> _DATASET EXTRACT_:
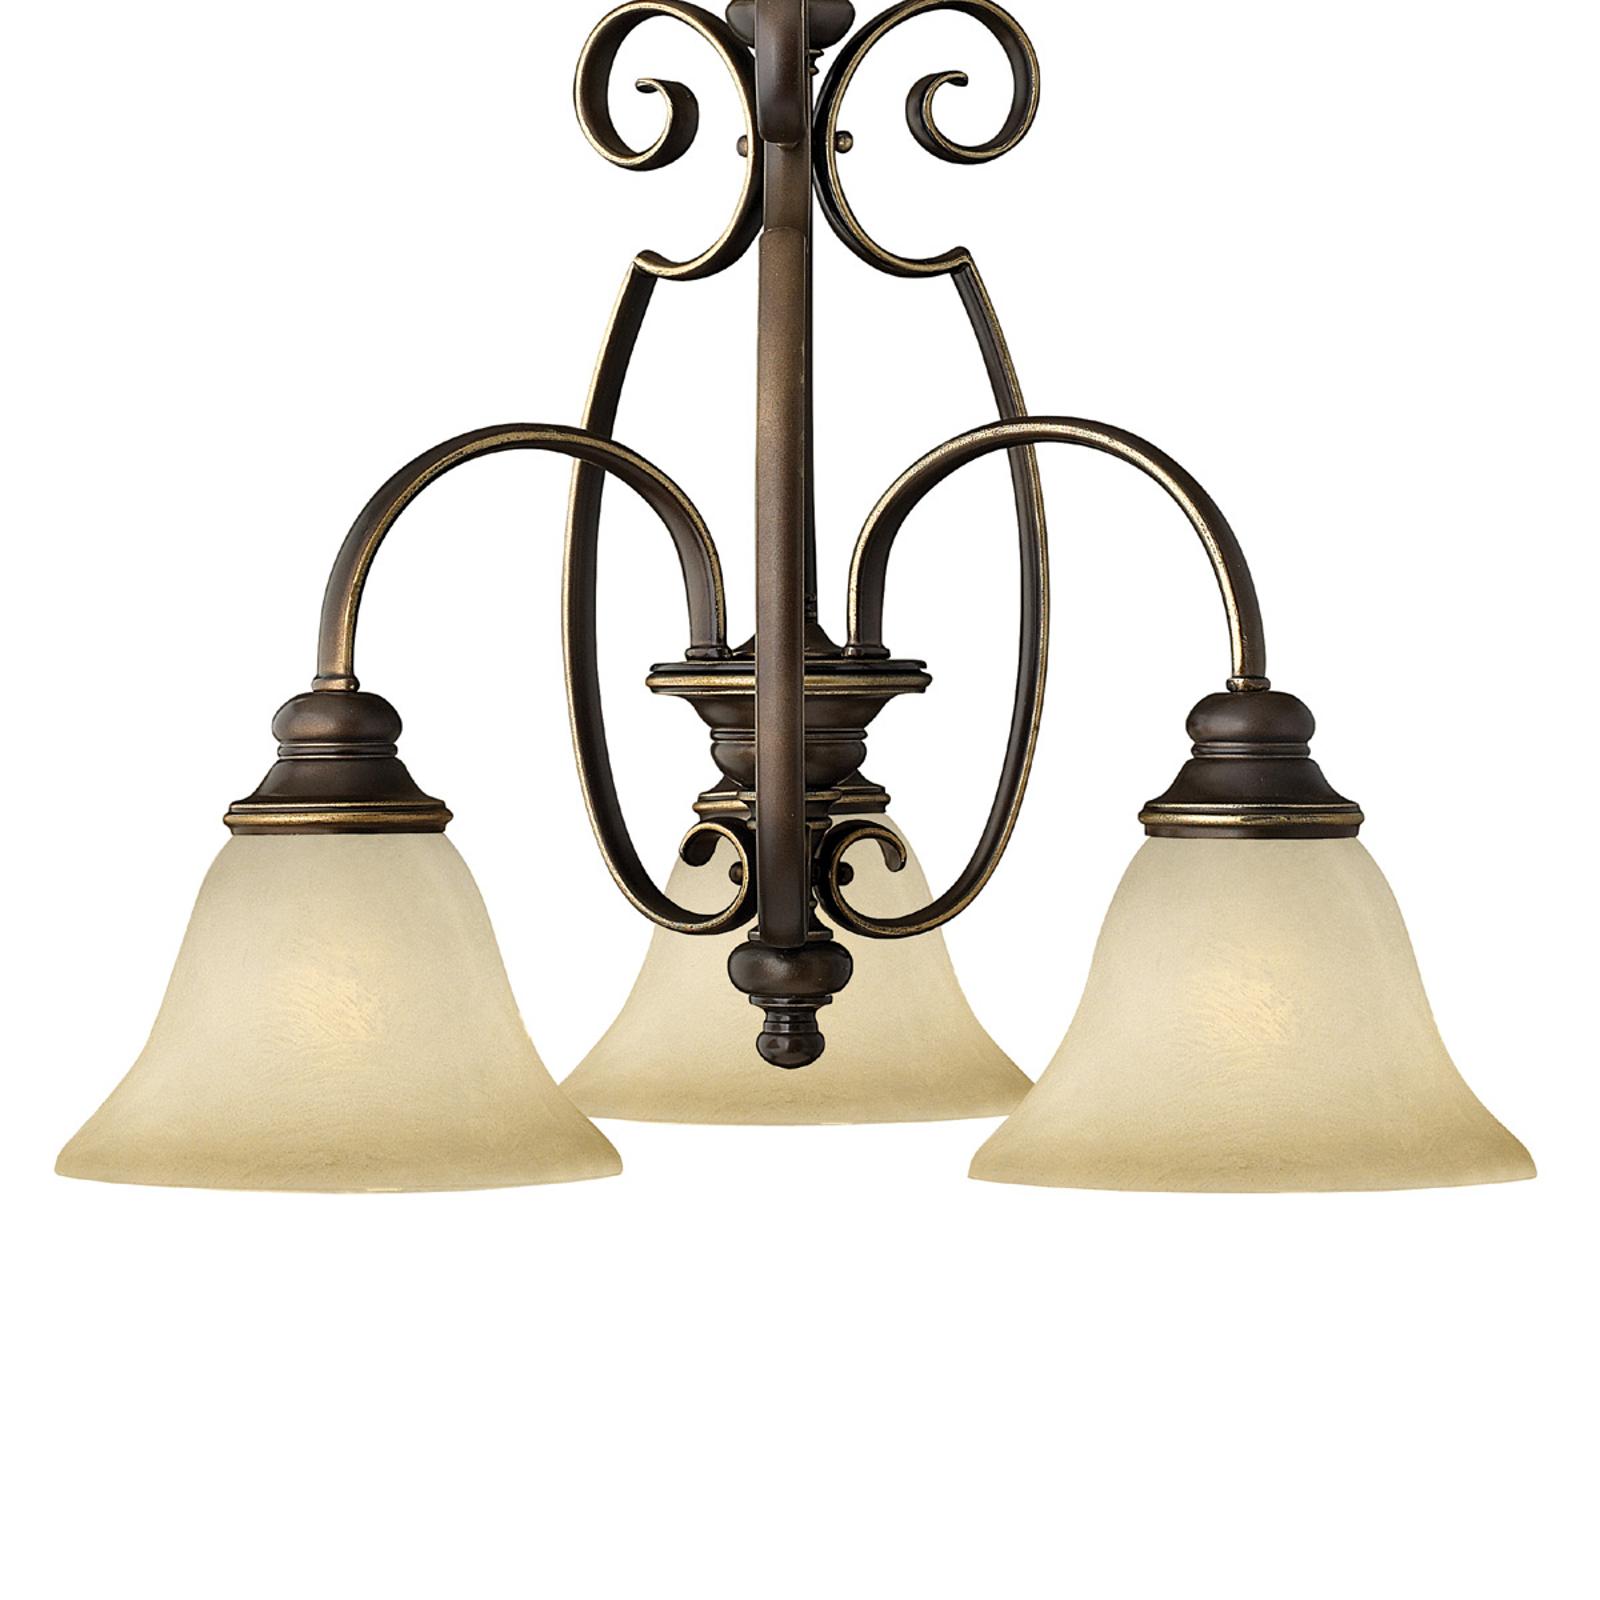 Hanglamp CELLO, 3-lichts
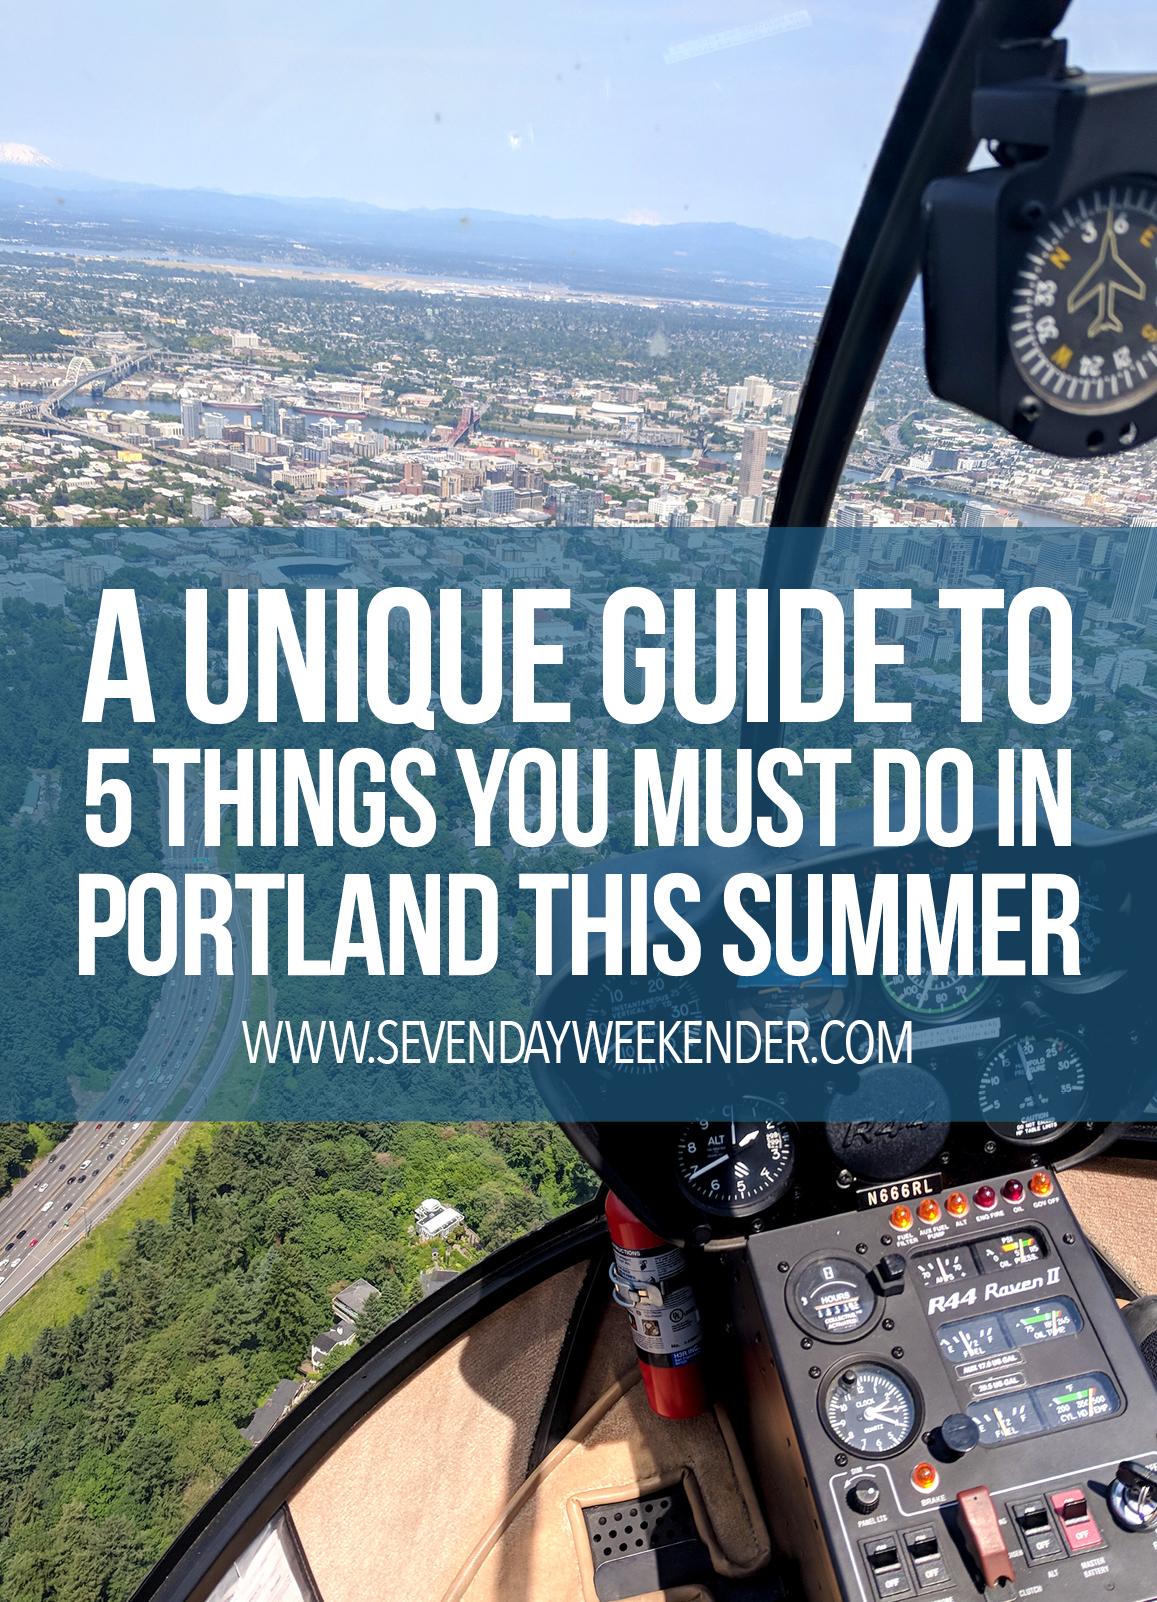 Unique Guide to Portland in Summer
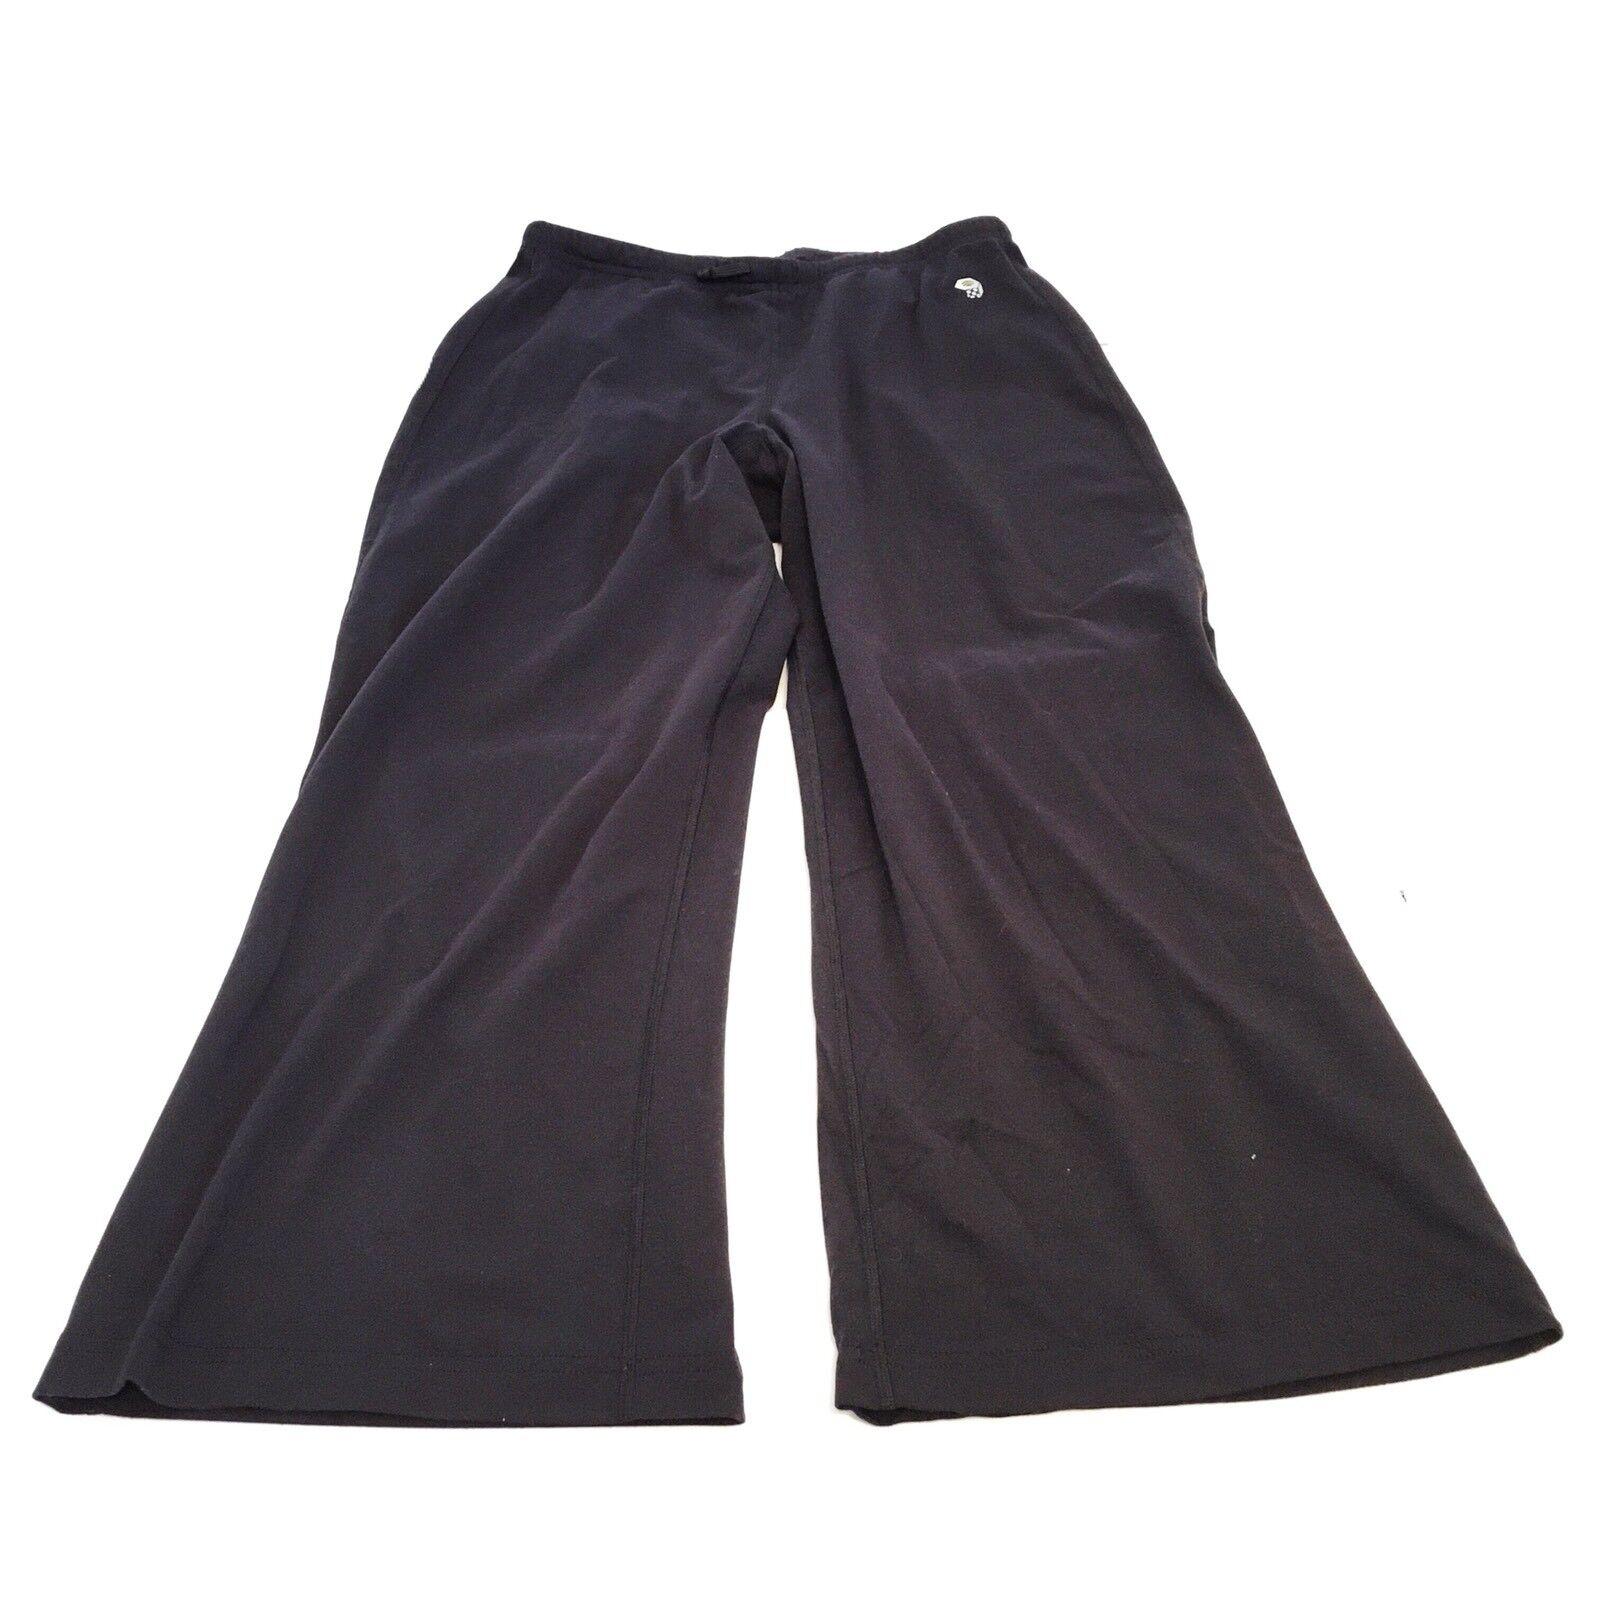 Mountain Hardwear Small Pants Black Crop Stretch Running Athletic Capri

> _THE TASK_:
The expected output is every line of the data, unchanged, with the pictures skipped.

> _ANSWER TO THE PROBLEM_:
 Hanglamp CELLO, 3-lichts
 Unique Guide to Portland in Summer
 Mountain Hardwear Small Pants Black Crop Stretch Running Athletic Capri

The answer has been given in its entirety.